4.1.4. Activation of the Complement System

The previous literature reported that the concentration of anti-SARS-CoV-2 immunoglobulin lacking glycan fucosylation was elevated in COVID-19 patients [52], which could help mannose-binding lectin to combine with aberrant glycans, thereby activating the complement system. The formed C5b-9 membrane attack complex on podocyte membranes participated in mediating the proteolysis of podocyte synaptophysin and NEPH1, resulting in the destruction of podocyte cytoskeleton [53,54] and eventually proteinuria (Figure 1).

4.1.5. Elevated Expression of Human Leukocyte Antigen

Human leukocyte antigen (HLA) was expressed on the surface of immune cells and acted as presenters of epitopes to CD4⁺ T cells [55], indicating potent immunoregulatory properties. The present study demonstrated that activation of HLA-DR in circulating monocytes increased instantaneously in patients with SARS-CoV-2 infection [56], which could promote antigenic epitopes presentation to T lymphocytes and destroy immune tolerance (Figure 1).

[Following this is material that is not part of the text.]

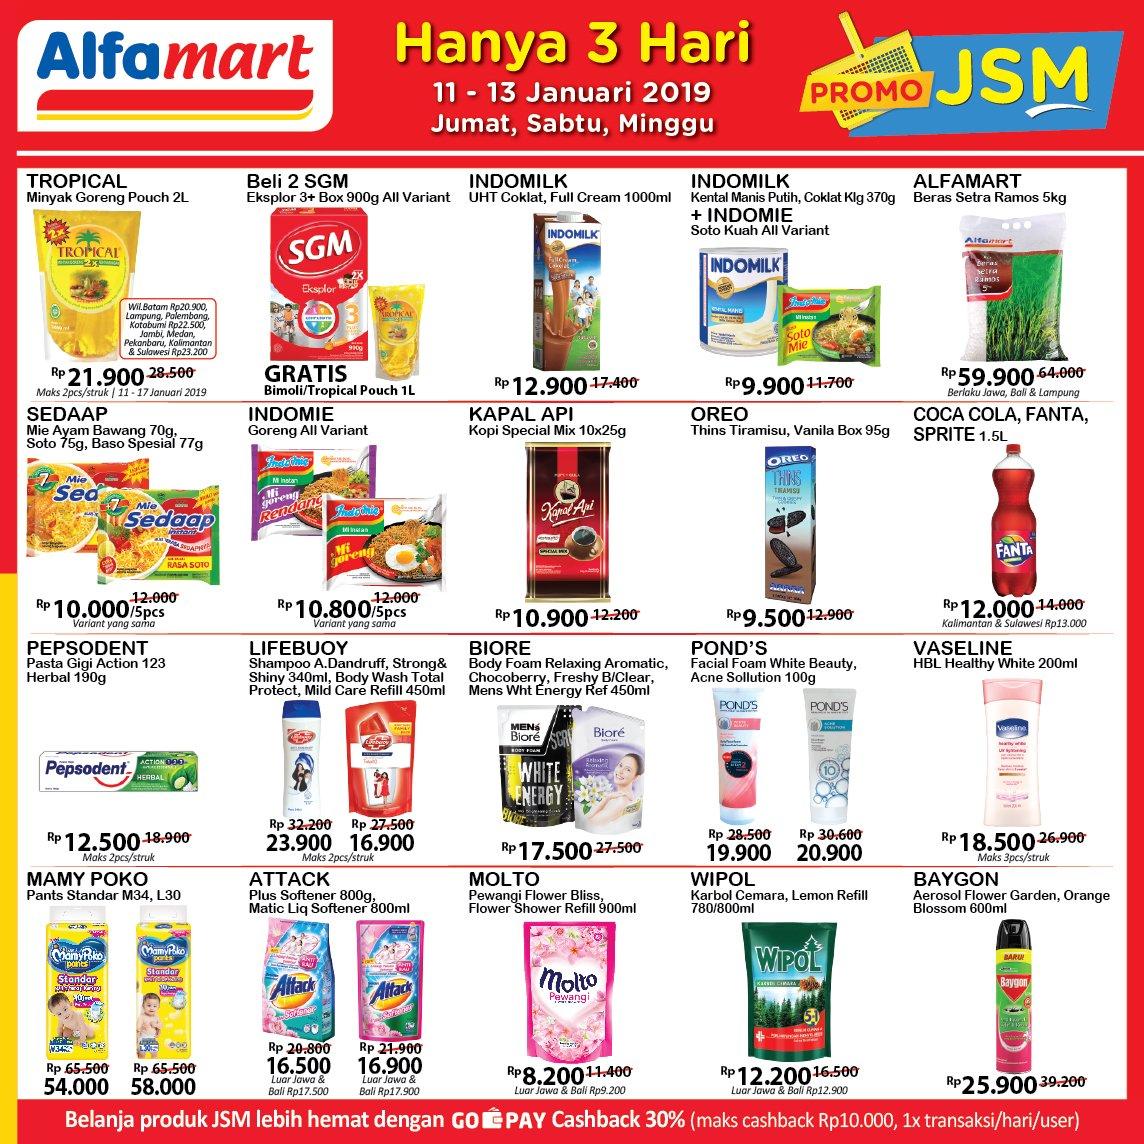 Katalog Promo JSM Alfamart 11-13 Januari 2019

4.2. Potential Mechanisms of MN post COVID-19 Vaccination

4.2.1. Cross Immune Response

Some scholars have proven that amino acid sequence similarity between hepatitis B virus surface antigen and multiple sclerosis (MS) autoantigens might be part of the account of MS secondary to hepatitis B vaccination [57]. Recently, Vojdani et al. conducted an investigation aimed at studying the relationship between autoimmune target proteins and SARS-CoV-2 spike protein antibodies, the results of which proved that there were multiple tissue antigens that showed powerful reactions with the SARS-CoV-2 antibodies, such as transglutaminase 3, anti-extractable nuclear antigen, thyroid peroxidase, etc. [58], which indicated the fundamental role of cross-immune response in autoimmune diseases. Therefore, we proposed an underlying mechanism that podocyte surface-specific antigens might share similar amino acid sequences with spike protein or other components of SARS-CoV-2, which would be further supported along with the discovery of more pathogenic antigens on the surface of podocytes (Figure 2).

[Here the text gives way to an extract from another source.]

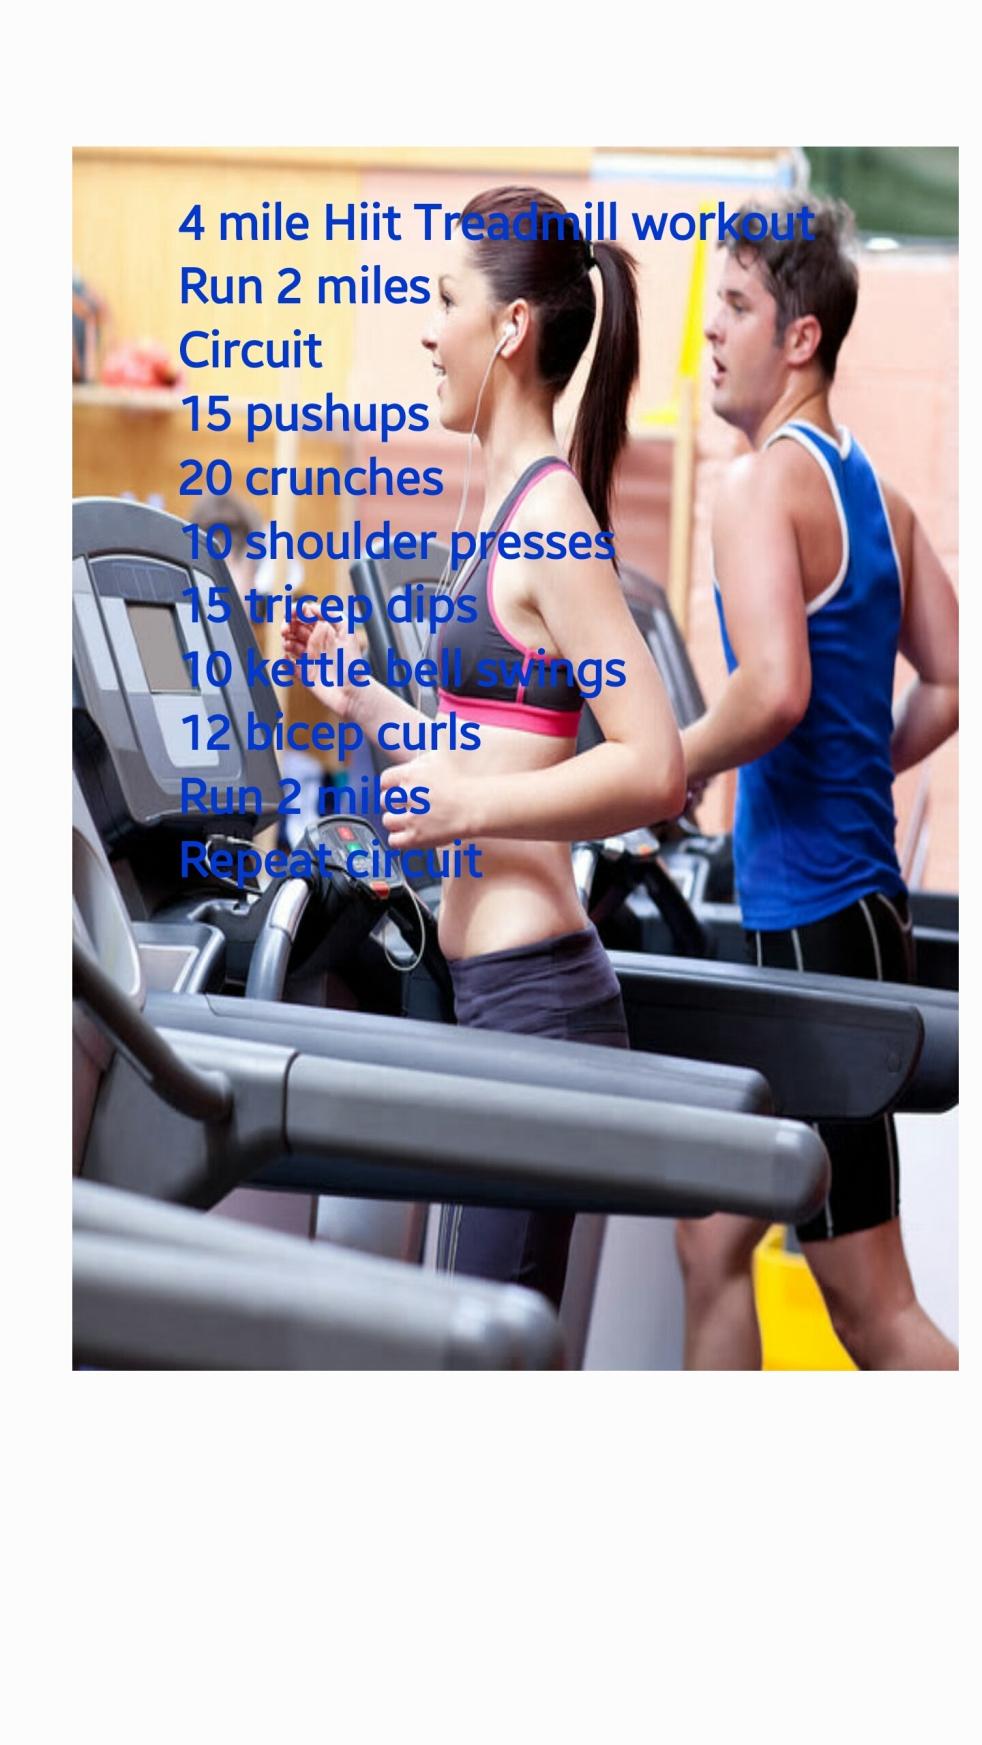 workout_02.jpg

4.2.2. Subepithelial Deposition of Circulating Immune Complexes

Proverbially, intramuscular vaccine components served as foreign substances to evoke the host’s immune response. As antigens, the vaccines promoted subepithelial deposition of circulating immune complexes in renal tissue via combining with native antibodies in vivo, which was plausible for explaining the MN secondary to influenza vaccines [59] (Figure 2).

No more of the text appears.